I imagine you can guess my doubt.. So why doesn't it typecheck? They both live in Prop...  -_-

No.

[True] lives in [Prop].
[False] lives in [Prop].

but

[x_nil] lives in [∀ n, In n nil] (which in turns lives in [Prop], but [x_nil] does not).

Note also that your context is inconsistant, I do not think that what you wrote is what you wanted.
Plus the 'l' in the type of 'x_not_nil' is not the same as the one bound in your [test] fixpoint.

Now, if you want to make it typecheck, you should first know exactly what you want.

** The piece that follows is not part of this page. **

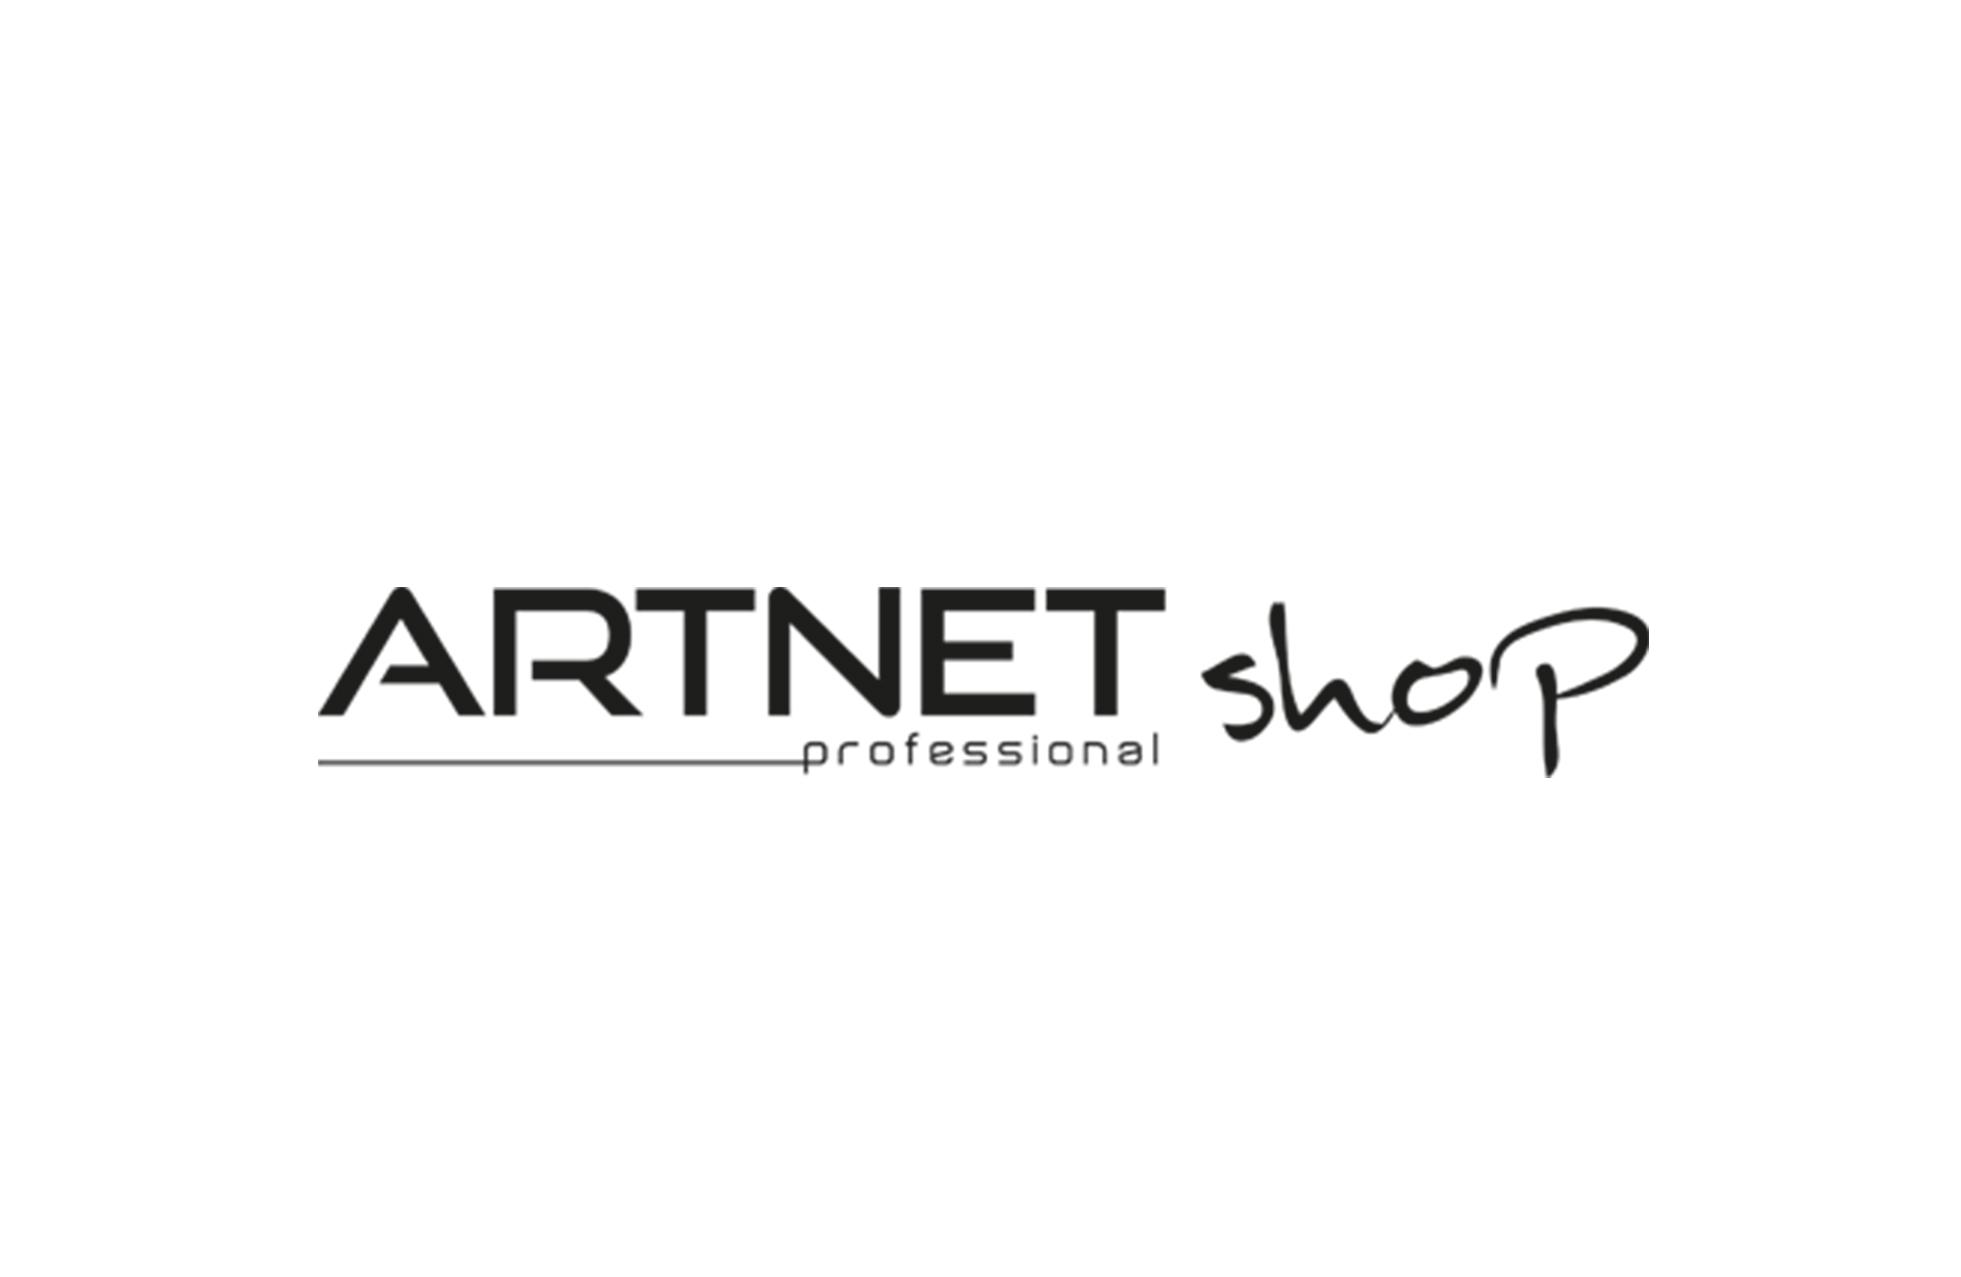 Artnet Professional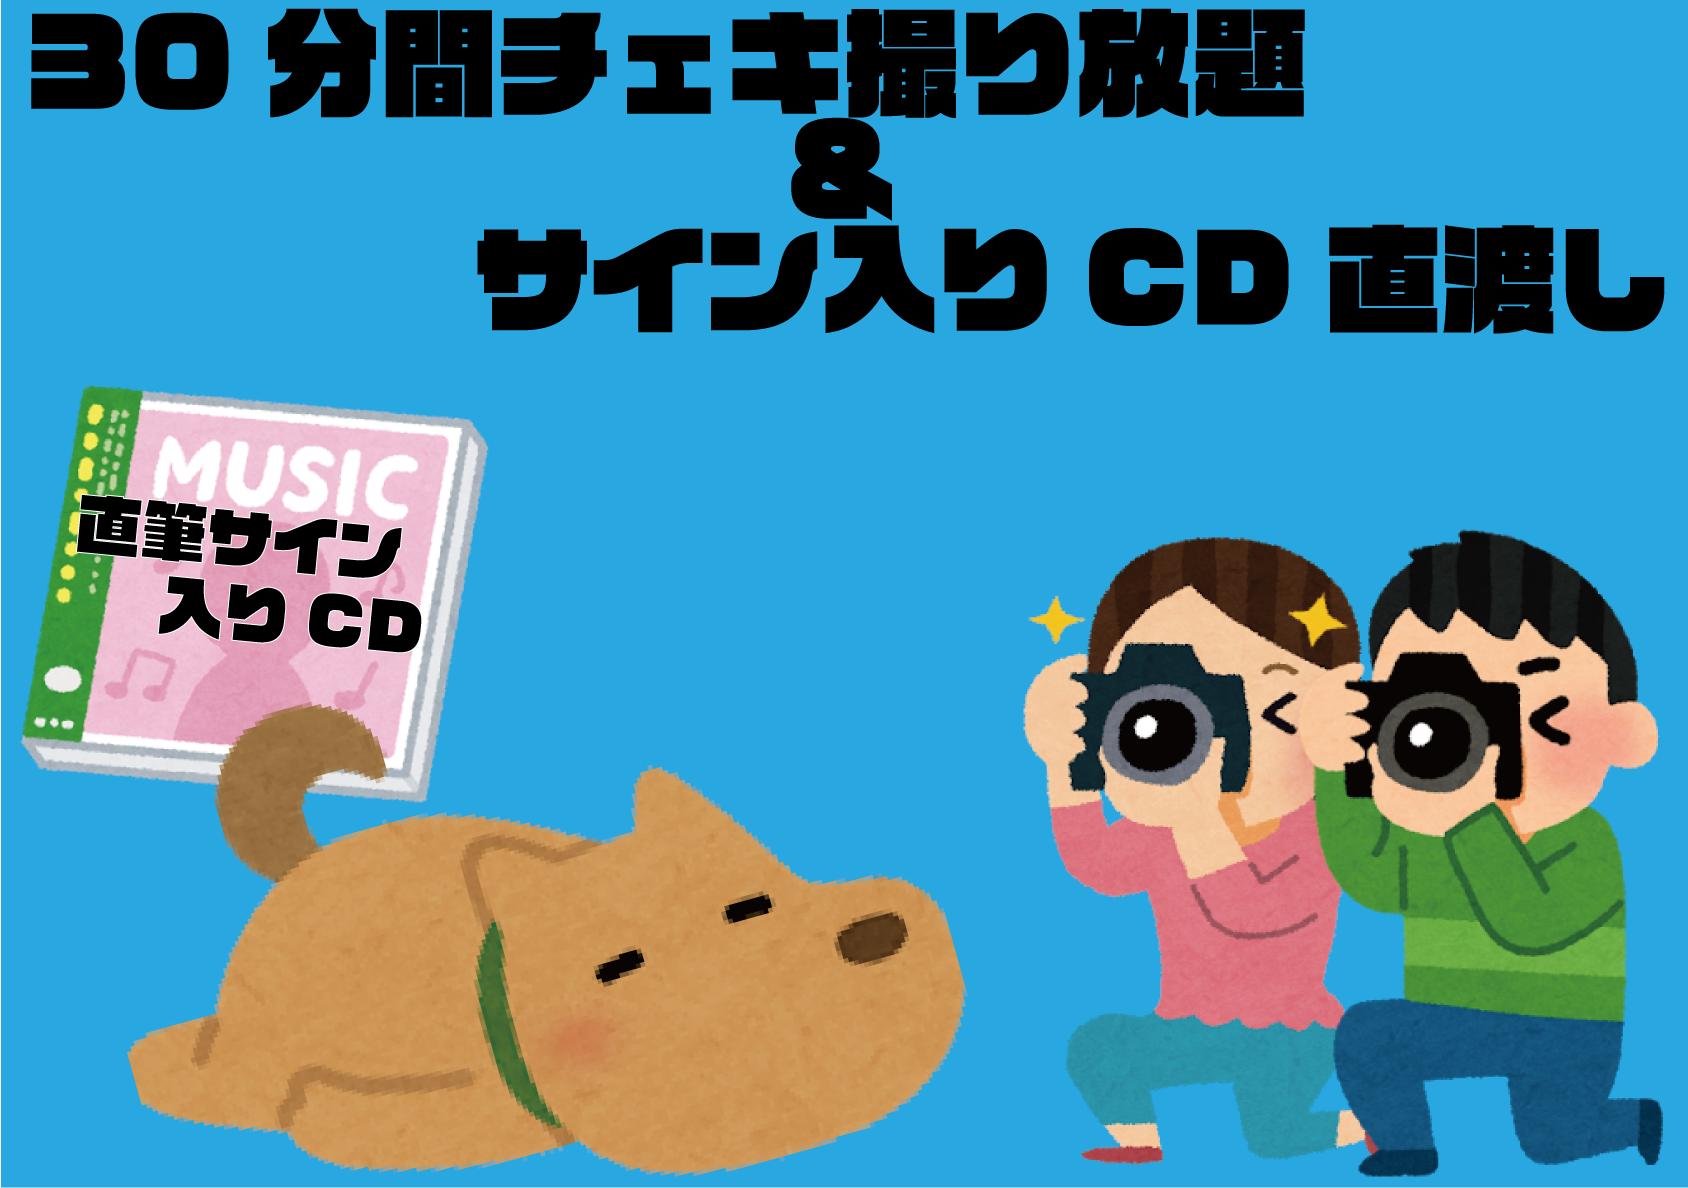 <nana 30分間チェキ撮り放題&サイン入りCD直渡し プラン>

For instance I do not know:
– the expected type of [test] (is it "list nat → Prop" ?)
– why you put a fixpoint in a function which does not do any recursion (from my point of view, it is bad taste to put a "Fixpoint" keyword where a "Definition" keyword would work)

--
.../Sedrikov\...

--
Bart: Look at me, I'm a grad student, I'm 30 years old and I made $600 dollars last year.
Marge: Bart! Don't make fun of grad students, they just made a terrible life choice.

--
.../Sedrikov\...

--
Bart: Look at me, I'm a grad student, I'm 30 years old and I made $600 dollars last year.
Marge: Bart! Don't make fun of grad students, they just made a terrible life choice.